*** Opening Data provided ***

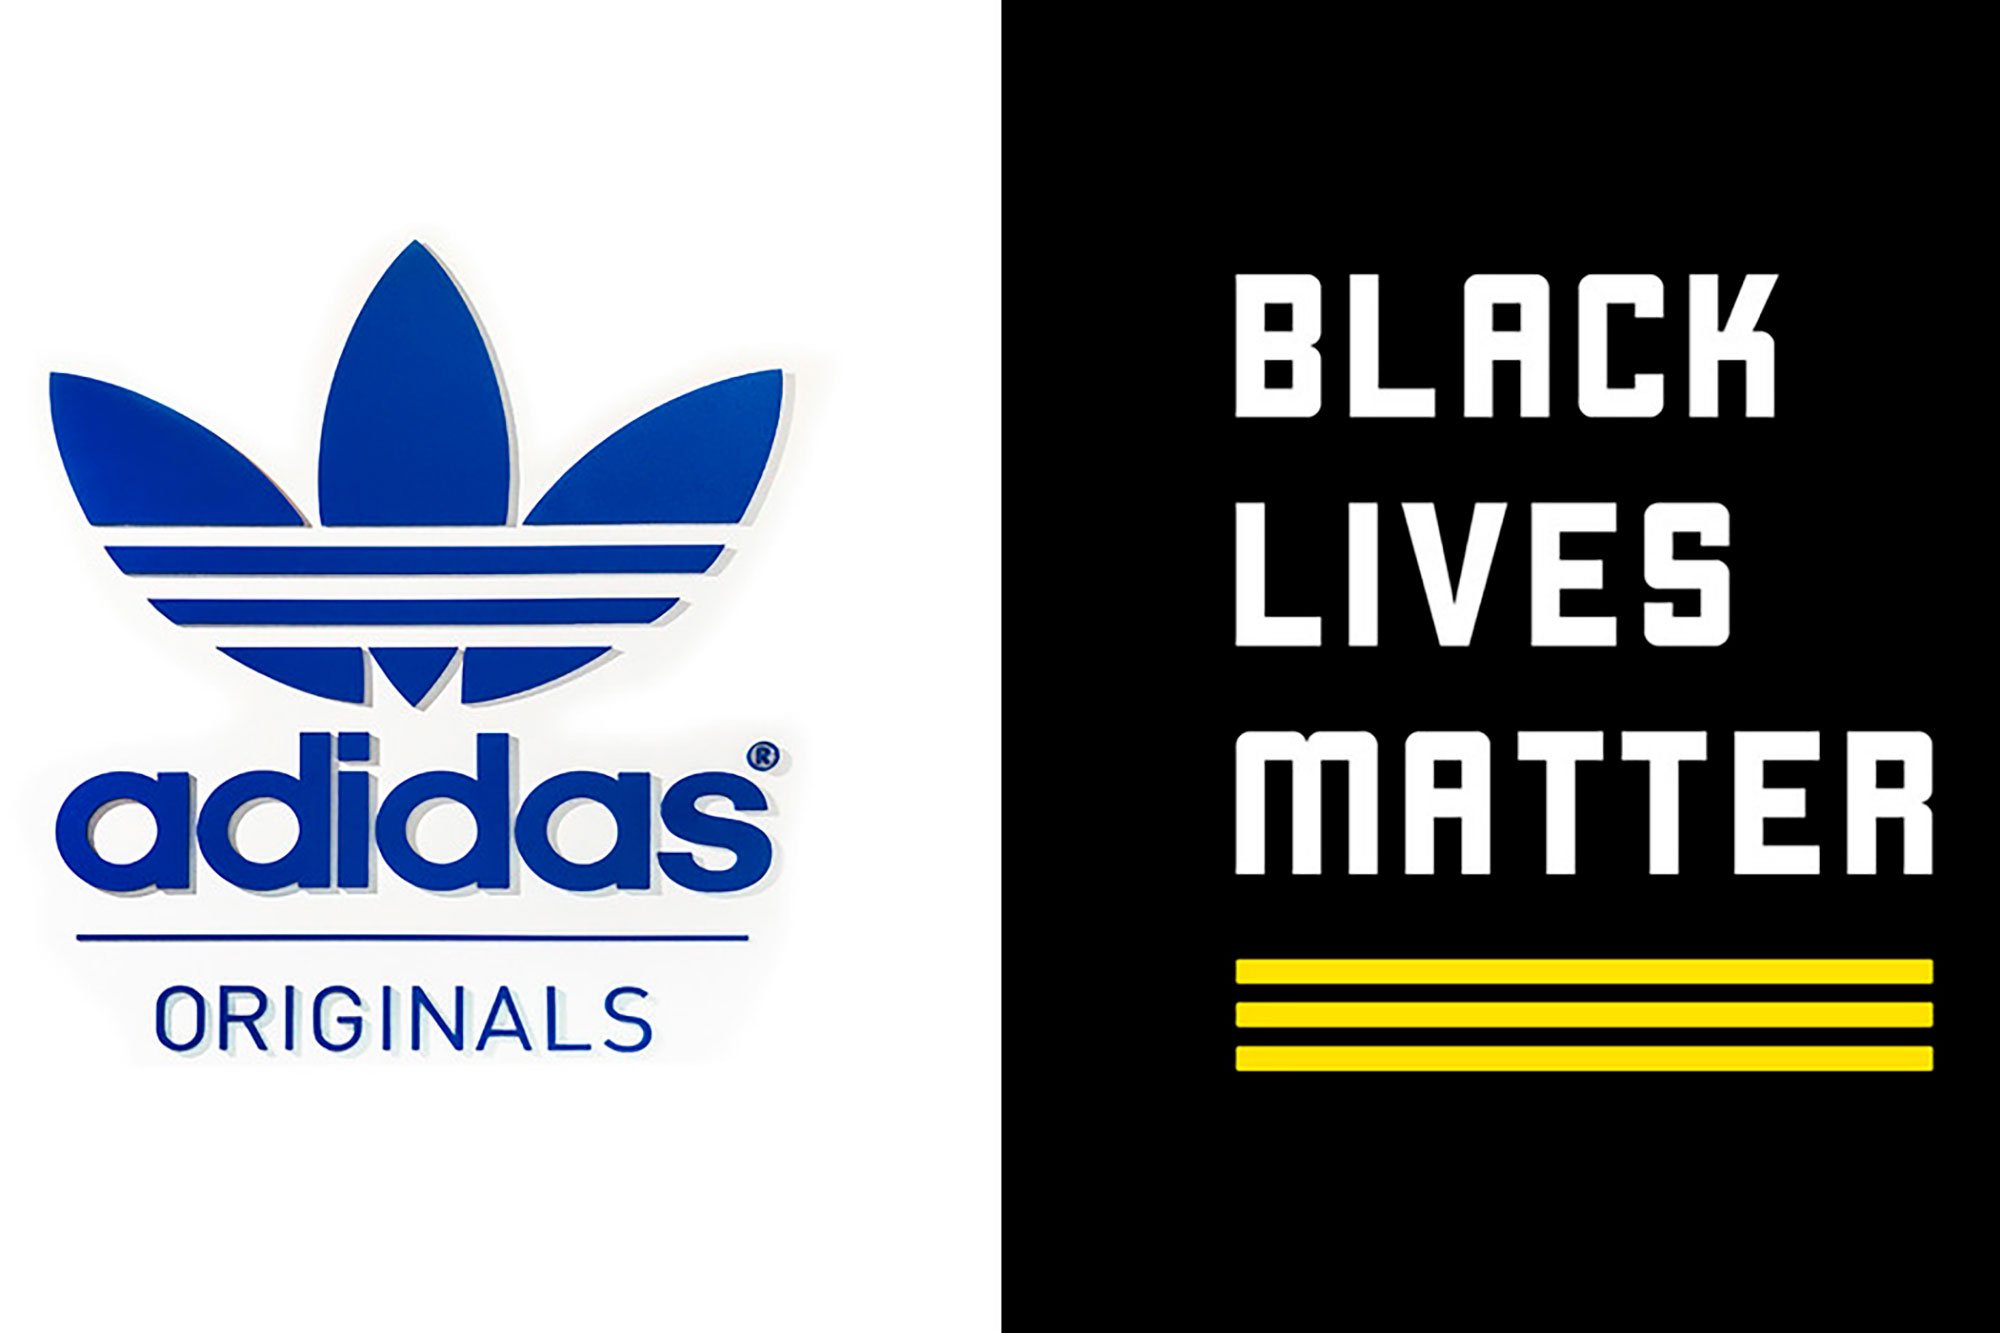 Adidas cree que de Black Lives se confunde con su logo y luego se retracta - Emprendedor
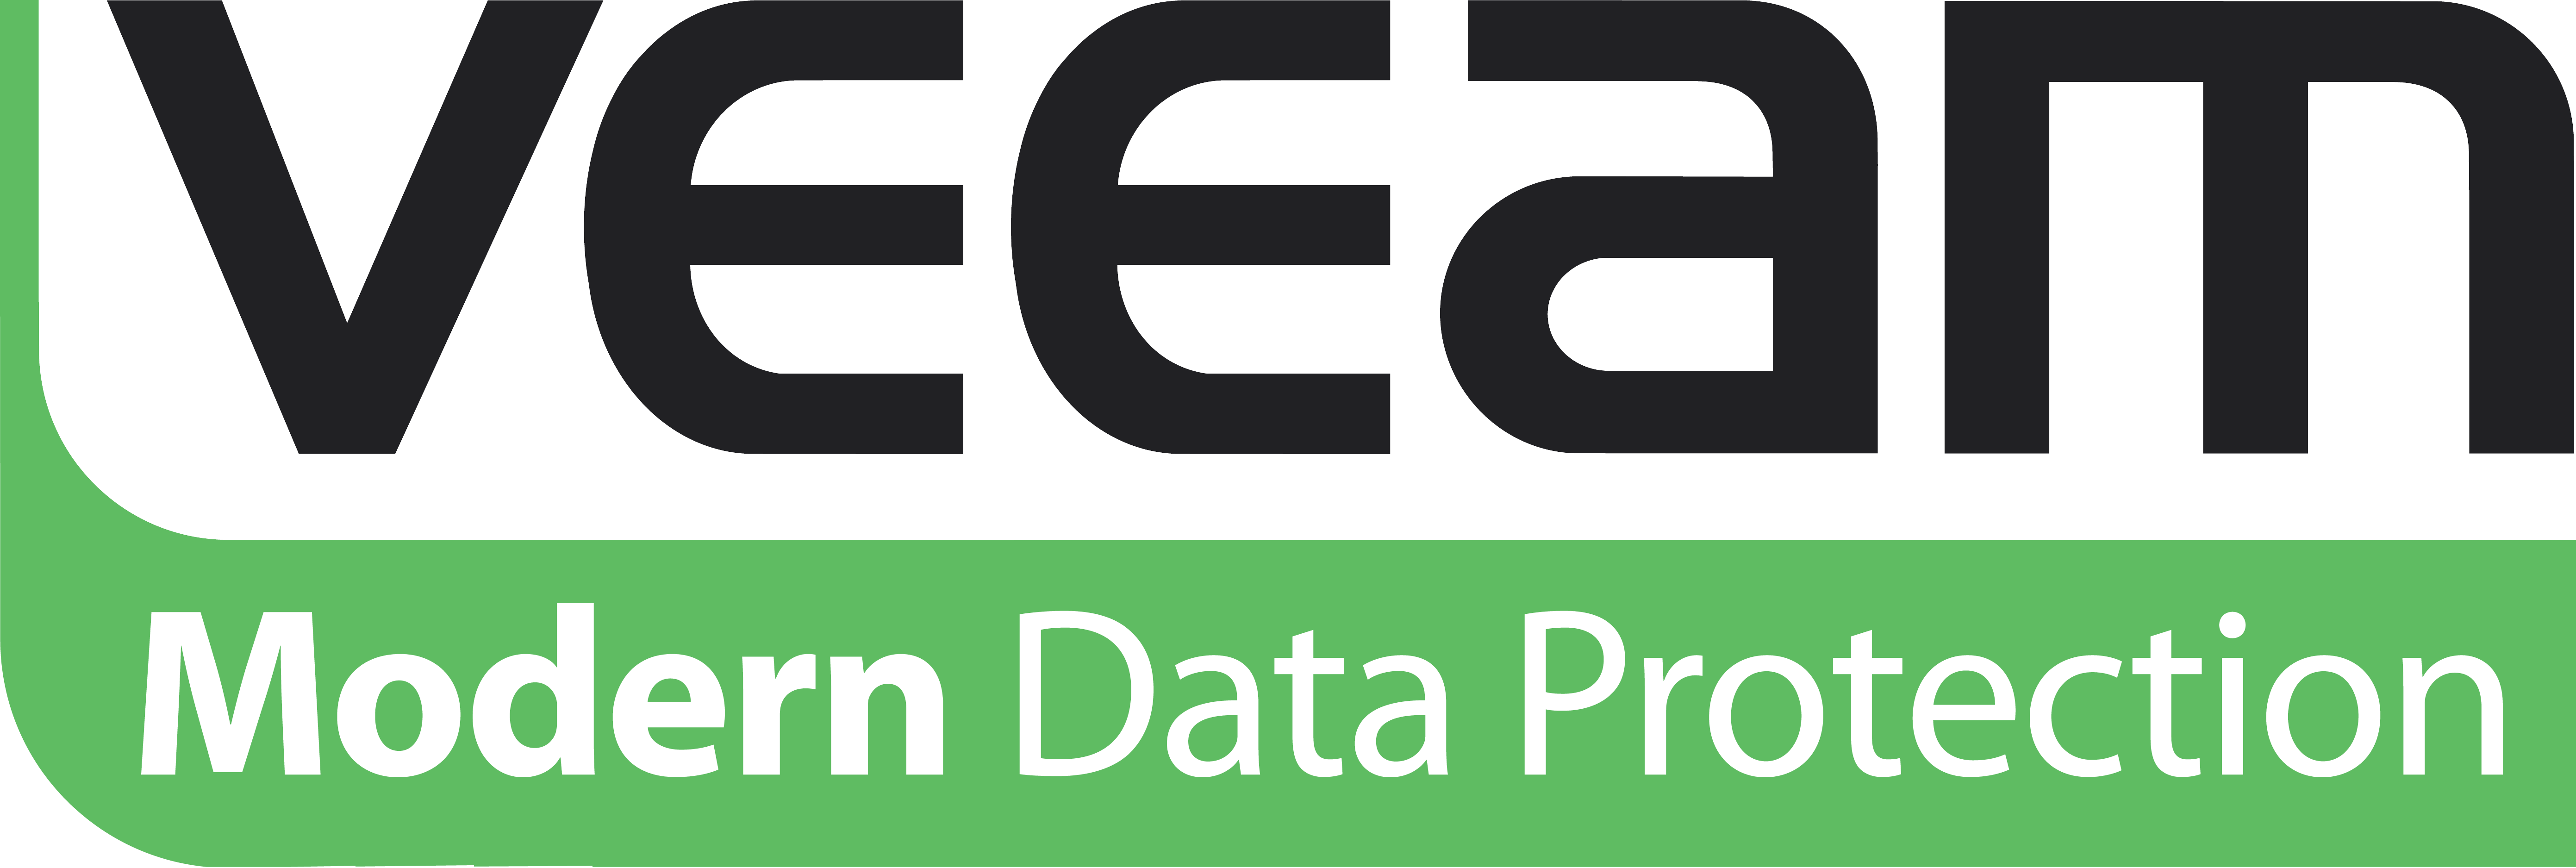 Veeam Modern Data Protection
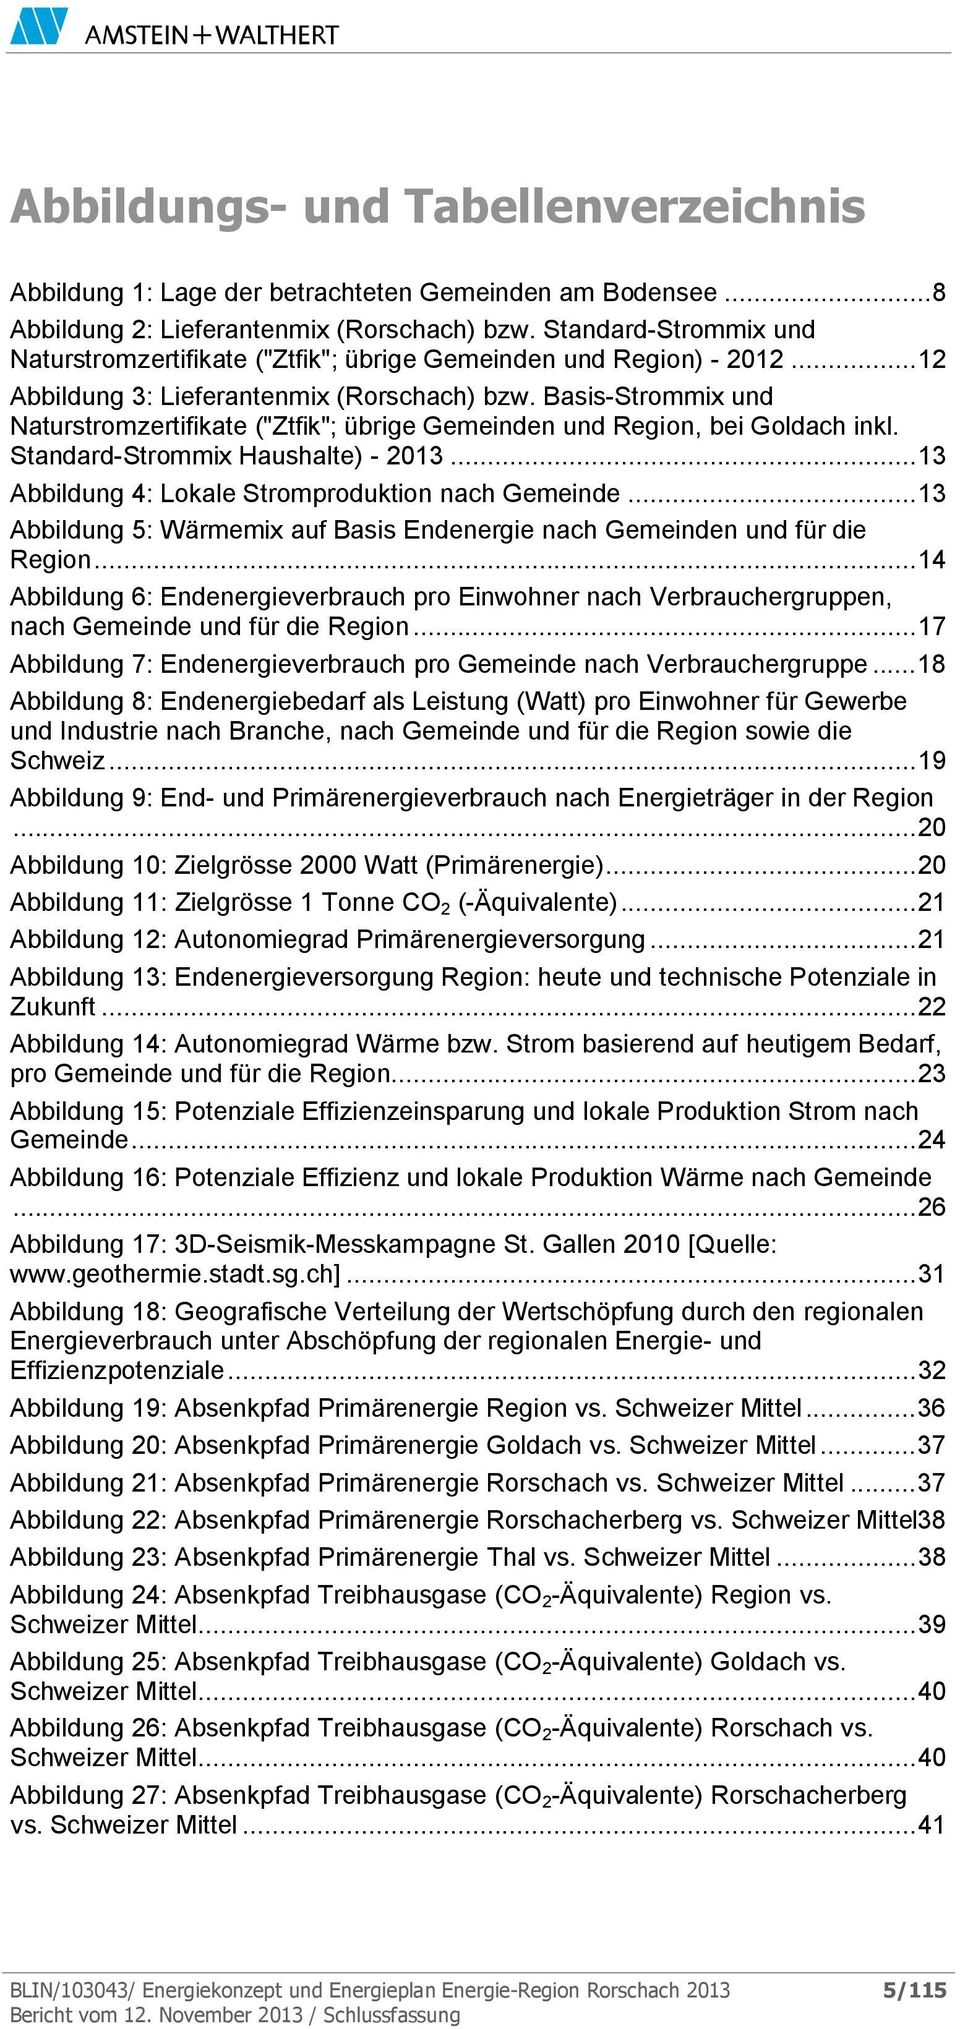 Basis-Strommix und Naturstromzertifikate ("Ztfik"; übrige Gemeinden und Region, bei Goldach inkl. Standard-Strommix Haushalte) - 2013... 13 Abbildung 4: Lokale Stromproduktion nach Gemeinde.

*** Closing Data provided ***

#### [Exercise]
Write the listing above out again exactly, but not the images it holds.

#### [Answer space]
 Adidas cree que de Black Lives se confunde con su logo y luego se retracta - Emprendedor
 Veeam Modern Data Protection
 Basis-Strommix und Naturstromzertifikate ("Ztfik"; übrige Gemeinden und Region, bei Goldach inkl. Standard-Strommix Haushalte) - 2013... 13 Abbildung 4: Lokale Stromproduktion nach Gemeinde.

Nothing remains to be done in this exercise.